Scampi: Tell me what you see right now.
Peter: Where?
Scampi: Now.
Peter: Which direction am I looking in?
Scampi: I don’t know. What do you see?
Peter: Immediately? Or in the distance?
Scampi: Have you ever been to Spain?
Peter: I have not.
Scampi: Oh.
Peter: Why do you ask?
Scampi: Just curious.
Peter: I can see the view. And the pores in my nose.
Scampi: Ew!
Peter: What?
Scampi: Pores. Yech.
Peter: Have you been to Spain?
Scampi: Who hasn’t?
PETER REMOVES HIS EYEGLASSES AND POLISHES THEM ON HIS THOROUGHLY-WORN NECKTIE OF FINEST INDIAN SILK.
Peter: I like the view from this window (of course),
Scampi: (of course)
Peter: but the sky is rather overcast.
Scampi: And that’s not something you like. Not something you’re a big fan of.
Peter: A fan? Am I a fan?
Scampi: You sound like a cockatoo, at present.

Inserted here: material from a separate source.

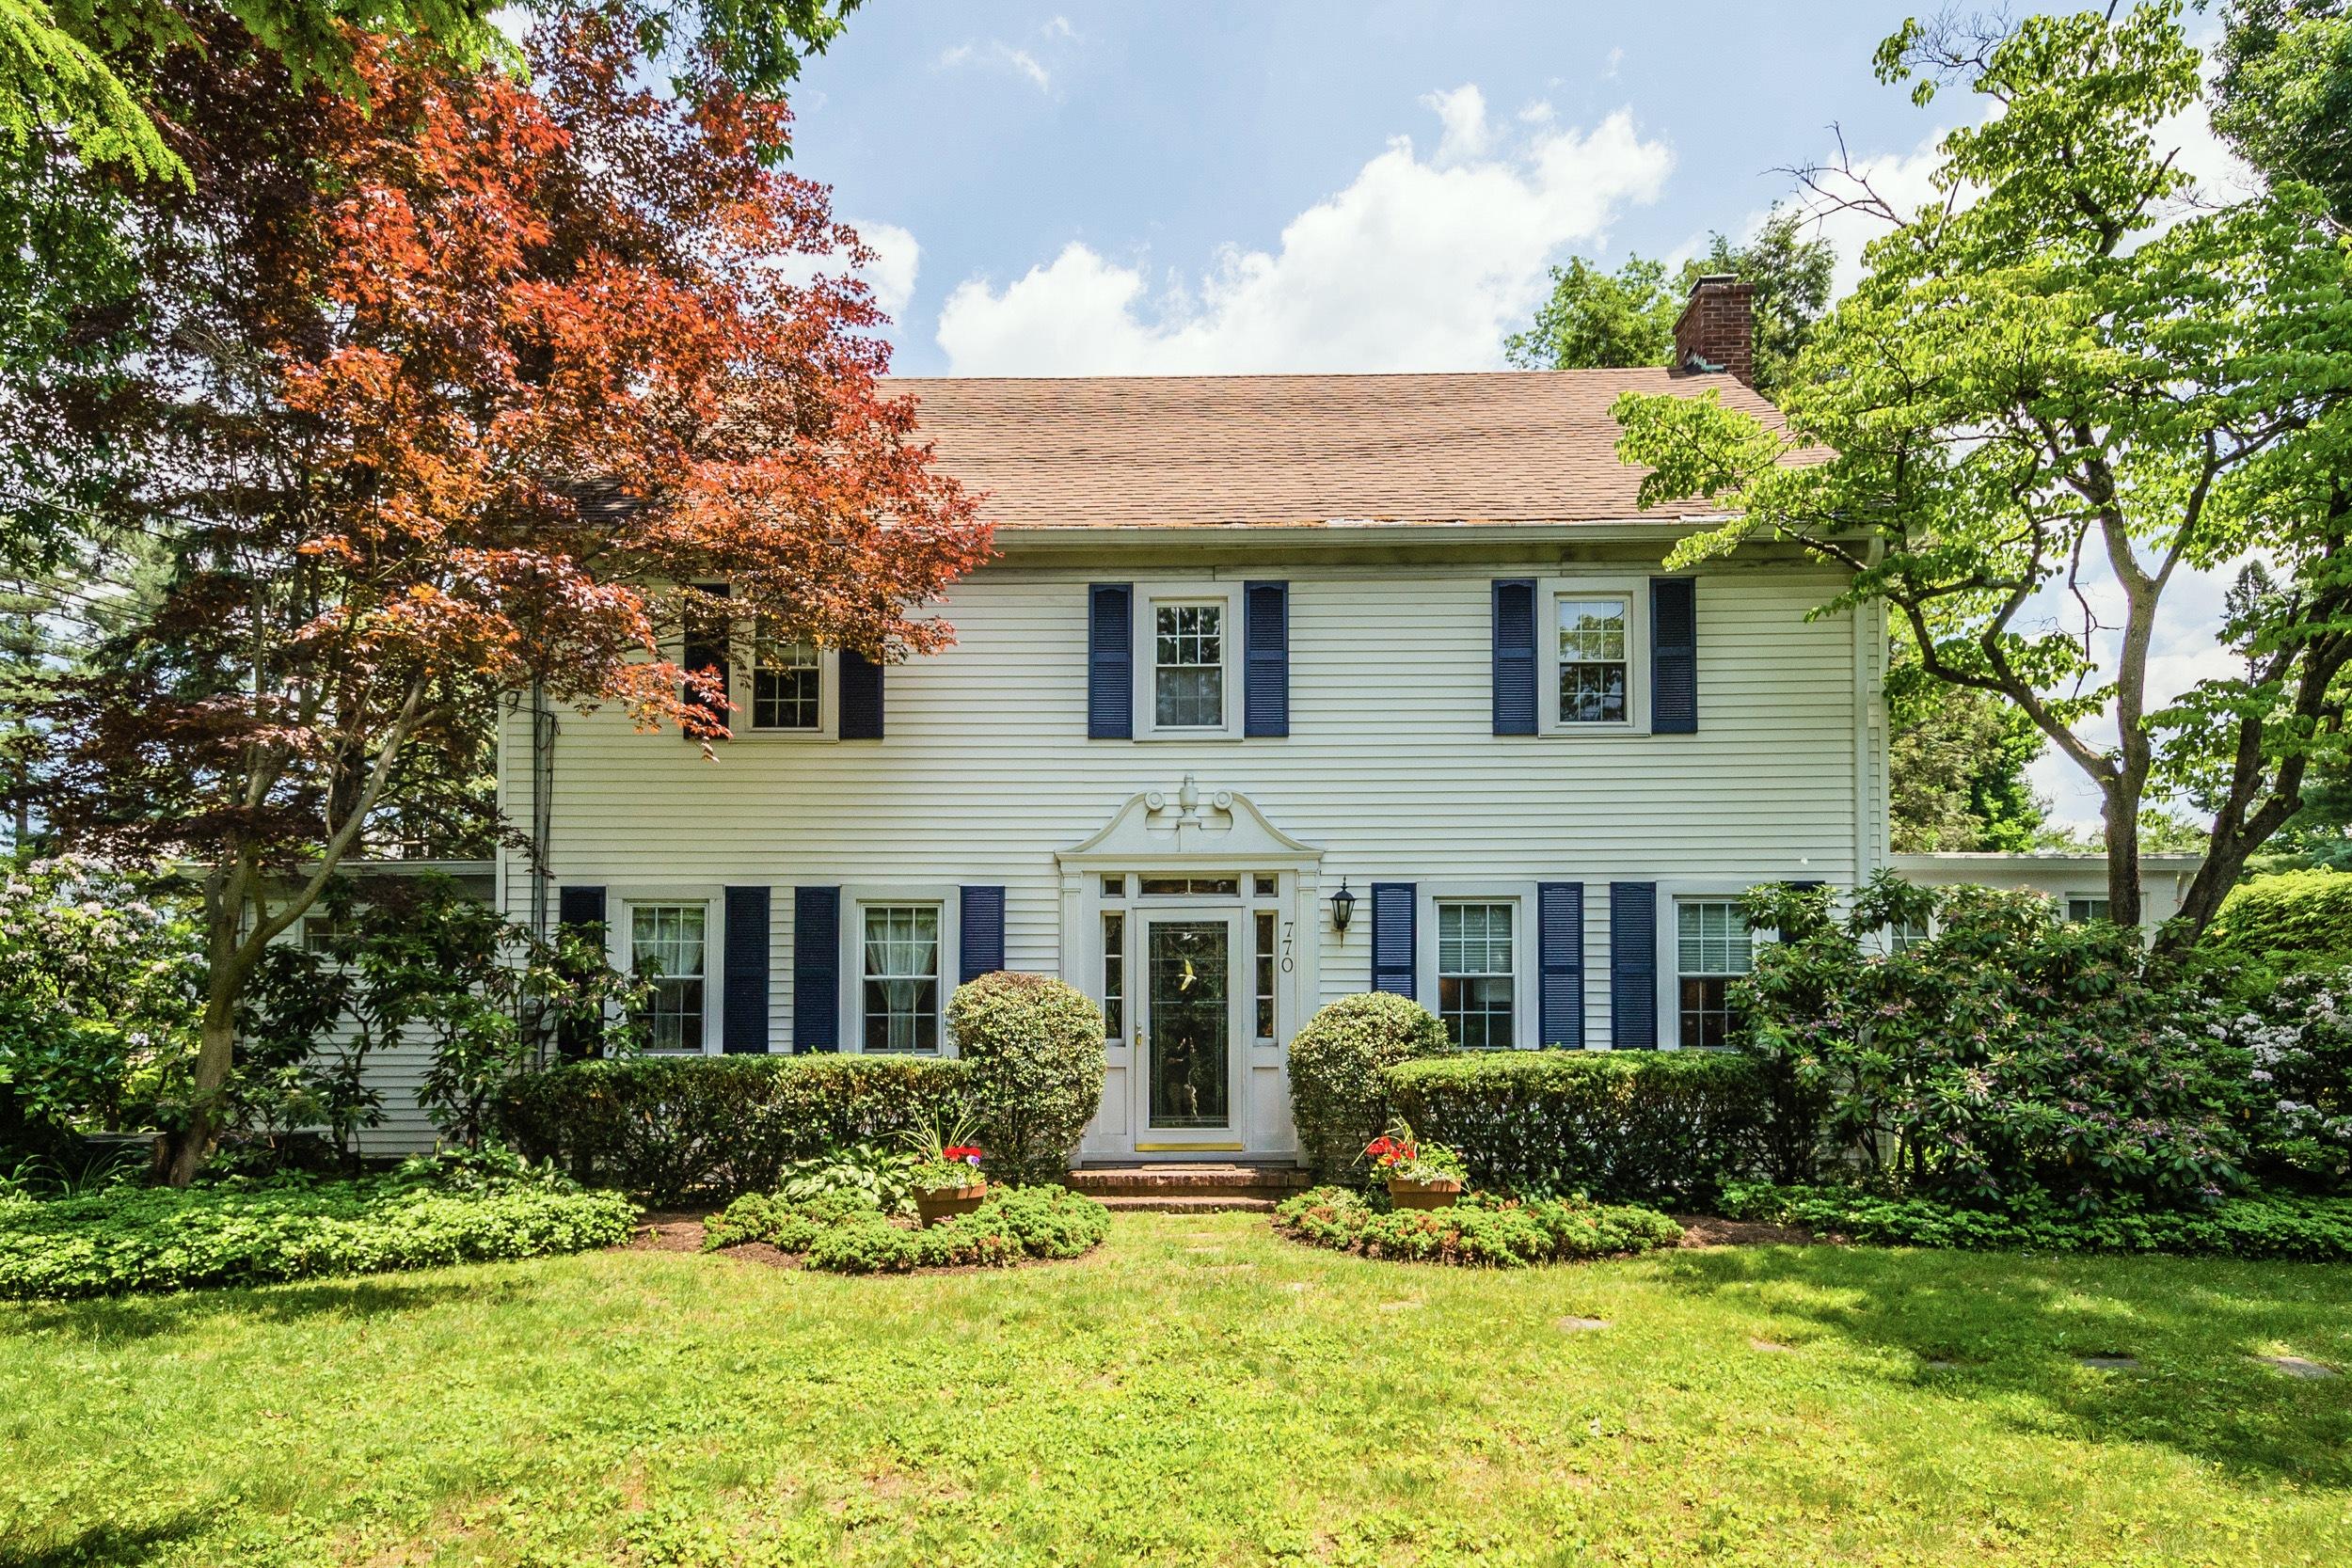 独户住宅 为 销售 在 Colonial 770 Glen Cove Ave Ave 格伦黑德, 纽约州 11545 美国
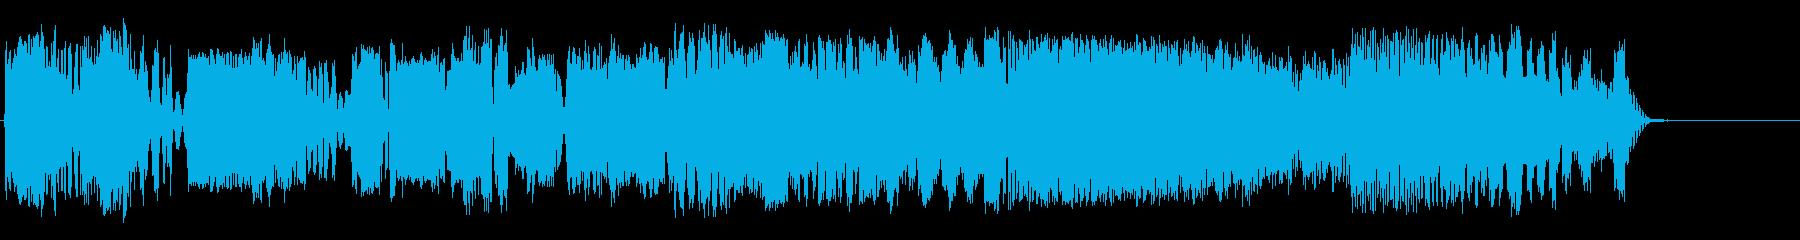 信号の衝突の再生済みの波形

PETER SMOOTHES HIS FEATHERS WITH DIGNITY.
Peter: Say what you will.
Scampi: I shall.
Peter: Indeed.
Scampi: I shell. Shell on a shore. You know that whole thing about shells, right? Peter?
Peter: Are we discussing military history?
Scampi: No, please. I mean a shell on a beach.
Peter: An army could locate—
Scampi: It could be any beach, one of those hollow type shells.
Peter: A conch.
Scampi: Or whatever. Have you ever put one up to your ear?
Peter: In order to aurally witness “the sea”?
Scampi: Sure.
Peter: No.
Scampi: You haven’t?
Peter: Well, I don’t think so.
Scampi: You don’t know? You don’t even know if you did or if you didn’t?
Peter: I am unsure.
Scampi: Yes. I thought maybe you were lonely.
Peter: You are entitled to your thoughts.
Scampi: I entitle my thought regularly. As you well know.
Peter: I’m not sure when I was last on a beach.
Scampi: You don’t have to be on the beach to hear the shell. You can be at home.
Peter: With a shell.
Scampi: Yes. You bring it home, and then the sound of the sea is only an arm’s length away.
Peter: I see.
Scampi: You hear. That’s how it works.
Peter: I don’t believe it does work, in fact.
Scampi: No, I know. I was just curious.
Peter: To know whether I had tried it?
Scampi: That’s right.
Peter: Have you tried this? With the shell?
Scampi: Nonsense. I can hear the sea right now.
Scampi:
Peter:
Scampi: I am up to my ankles.
Peter: It looks like rain.
Scampi: It certainly doesn’t taste that way.